Written by T. J. Davis, the script is great fun. It’s not perfect (What melodrama script is?), but it comes close. There are plot holes and some misdirected motivations, but this isn’t trying to rival Arthur Miller. Juanito Bandito is a rollicking melodrama complete with cheering the hero and booing the villain (although Juanito is such a fun and likeable villain, it’s hard to boo him). The sets by Tyler Stull and Ralph Cameron made for quick scene changes and fit each scene well. Costumes by the team of Lois Hugie, Mary Savage, Andrea Davis, and Erin Davis were usually appropriate and fit each character’s quirks. The one complaint I had was the chaps they gave Derek Davis as Sherriff Avery, who is a tall, strapping actor. But the chaps came just below his knees. They were far too small, and if it was done for comic effect, that was lost on me.

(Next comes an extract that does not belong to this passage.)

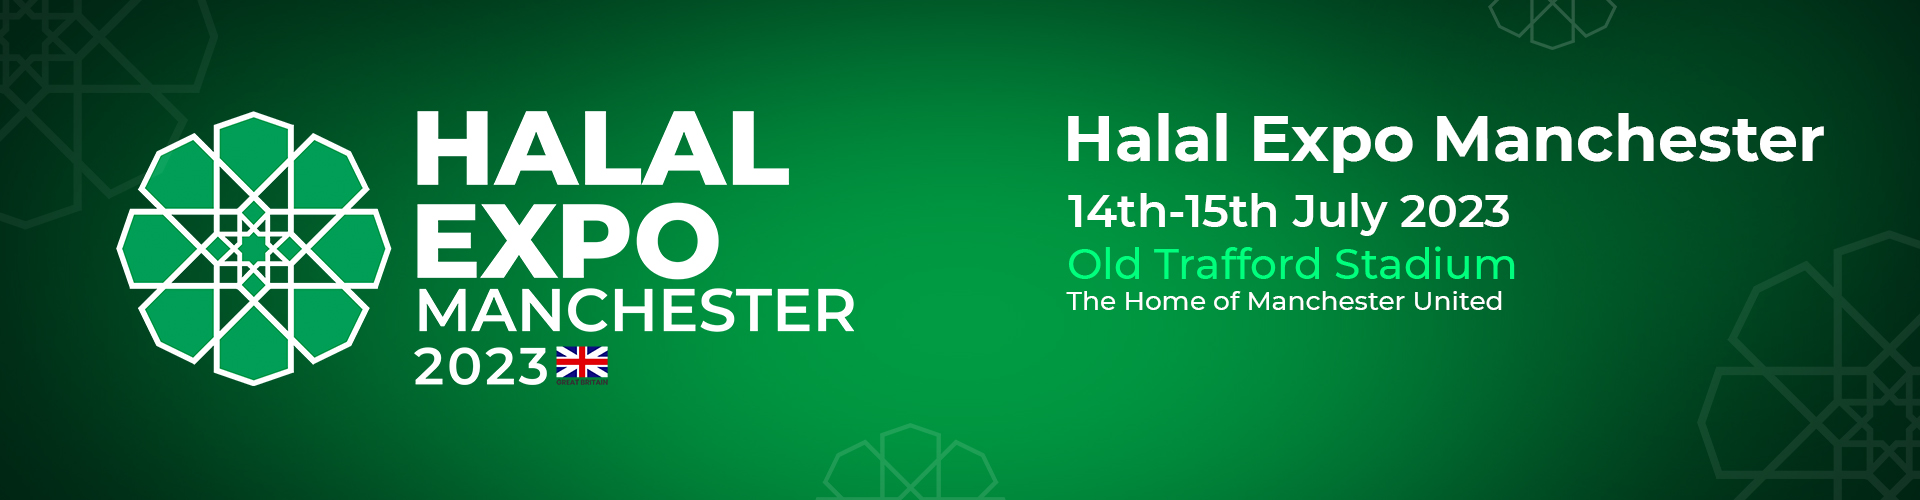 Halal website link banner- london website for manchester

Directors Andrea Davis, T. J. Davis (is there anything he doesn’t do?), and Derek Davis keep the show moving quickly, and I saw no weak spots or drops in the pace of the play. In many shows of this type, the fourth wall is frequently broken (i.e., the plays produced by Desert Star Playhouse in Murray or the Off Broadway Theater in Salt Lake City), and the directors and cast emphasized the fact that they are breaking the wall. But Pickleville just breaks the fourth wall like it’s no big deal, and that makes it funnier to me. The premise going in is that the characters know they are in a play, and they know that you know they are in a play, so it just makes sense to interact with the audience. Even the scripted “mistakes” are subtle, which is too seldom the case in these types of shows. This all adds up to great fun, sore sides and tear-stained cheeks from all the laughter.
Judging by the soldout crowd on opening night, it is obvious that Pickleville Playhouse knows their audience. The cast and crew delivered a high quality show for the humble setting. Their ardent fans that know that summer isn’t complete without a visit to Garden City and an evening with Juanito Bandito. I must say that I wholeheartedly agree with them.